The alliance cannot take up a challenge like clearing up France-sized Great Pacific Garbage Patch in the Pacific Ocean readily.
“Who will pay for it and which government wants it, as such issues are around. The problem is how does it (plastic waste) reach there, it is exposed to sun and becomes micro-plastic,” the executive said.
Giving a call to people to work to avoid a debacle like the Great Pacific Garbage Patch, Ramanujalu said by avoiding releasing plastic waste into the rivers, drains and sewage, the damage is contained.
The Great Pacific Garbage Patch is a giant collection of marine debris in the North Pacific Ocean, estimated to be as big as France in size.

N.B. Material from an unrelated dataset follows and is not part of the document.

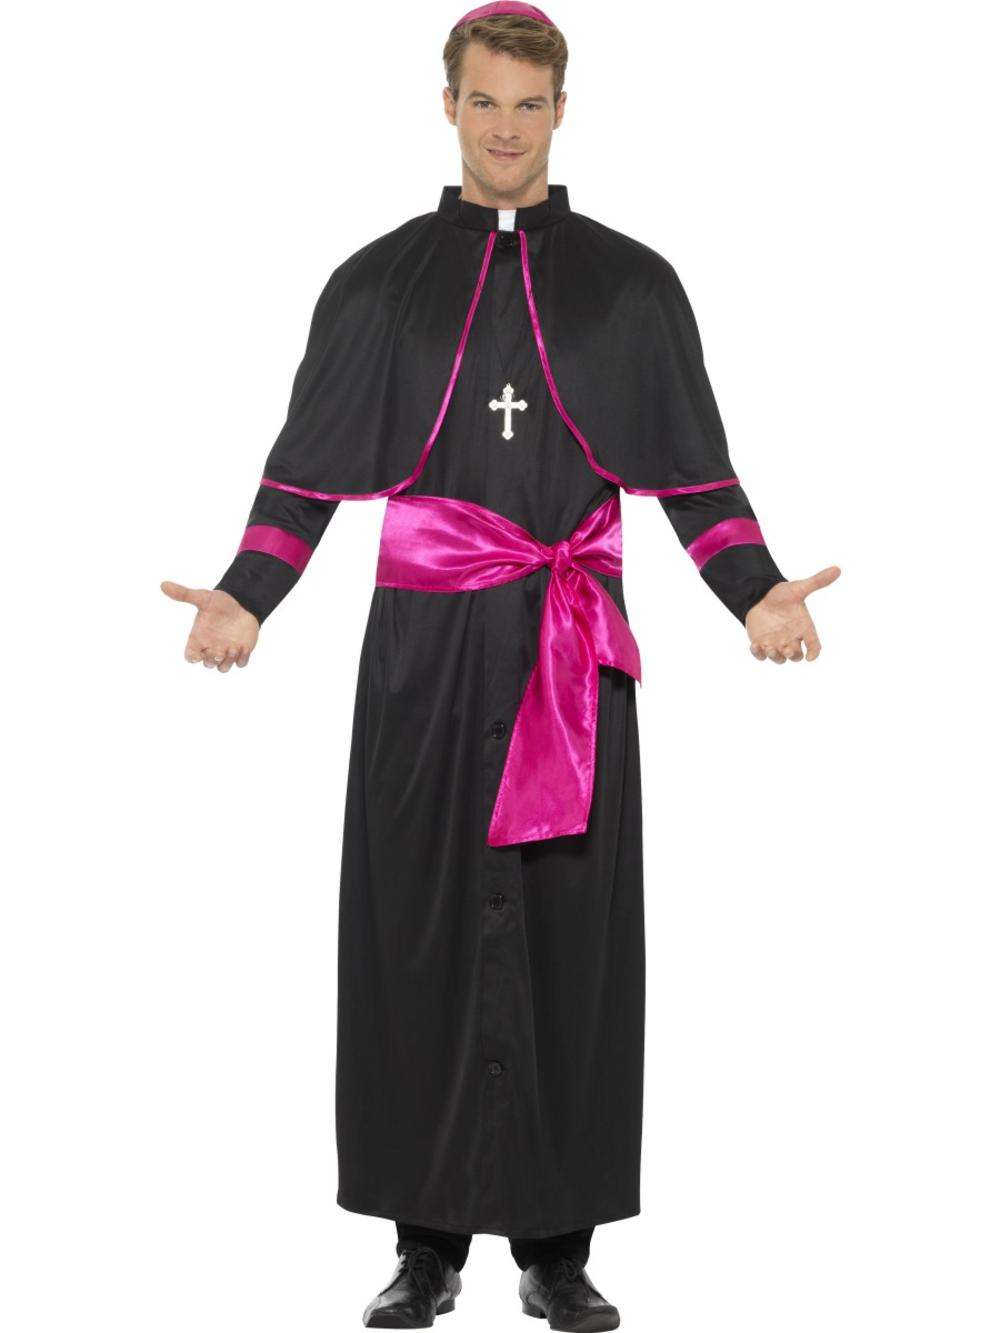 Cardinal Men's Fancy Dress Religious Catholic Holy Pope Saints Adult's Costume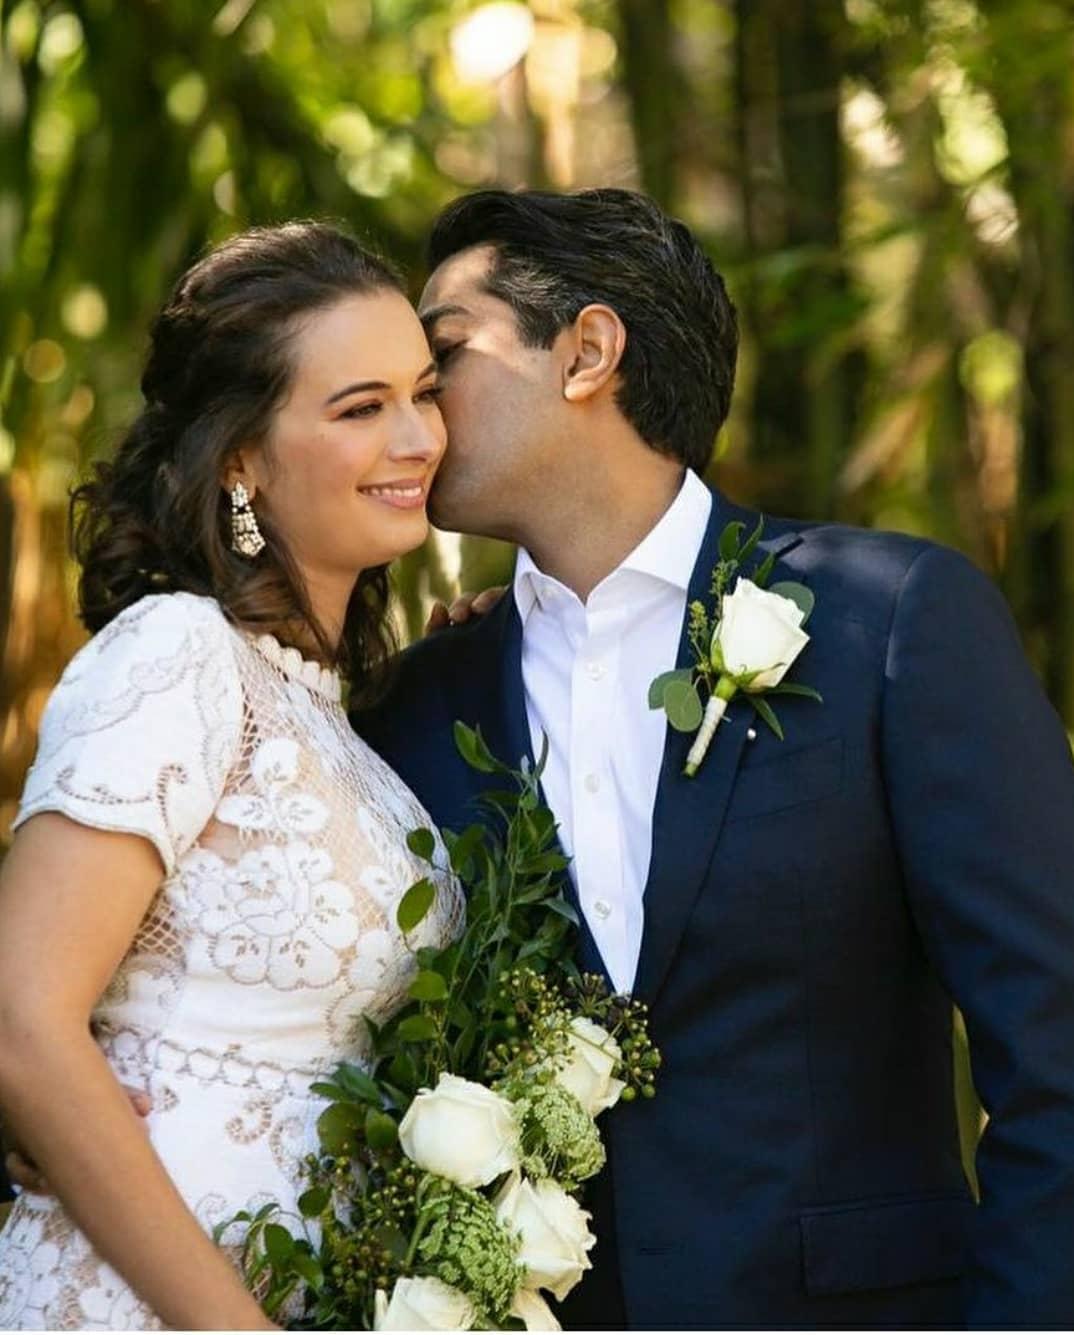 evelyn sharma's intimate wedding

Most of the debris in the patch is plastic waste.
Lauding the government’s flagship mission like Swachh Bharat, a countrywide cleanup drive flagged by Prime Minister Narendra Modi, Ramanujalu said people should have discipline, with small acts such as segregating waste at the origin itself.
“What companies like ours (Sabic) do? We cannot change the behaviour of every user who is responsible, the alliance we have is with the value chain to go out together and educate the rest,” Ramanujalu told IANS.
The notion that only the poor do the dirty job of collecting and cleaning up plastic waste is a flawed assumption.
Citing a study, the honcho said it would require a person to bend down 3,000 times to collect 3 kg of plastic waste, ruling out nobody will be willing to commit to such drudgery.
“We all assume that it should be done by the poor. We have not developed supply chains for it (plastic waste) and we have not developed business models for it. We thought poverty will take care of recycling in India, Ramanujalu observed.
Creating a sustainable business model of scientifically collecting plastic waste and changing consumer behaviour are the need of the hour.
Incorporating a recyclable feature at the design stage of plastics is the new manufacturing philosophy.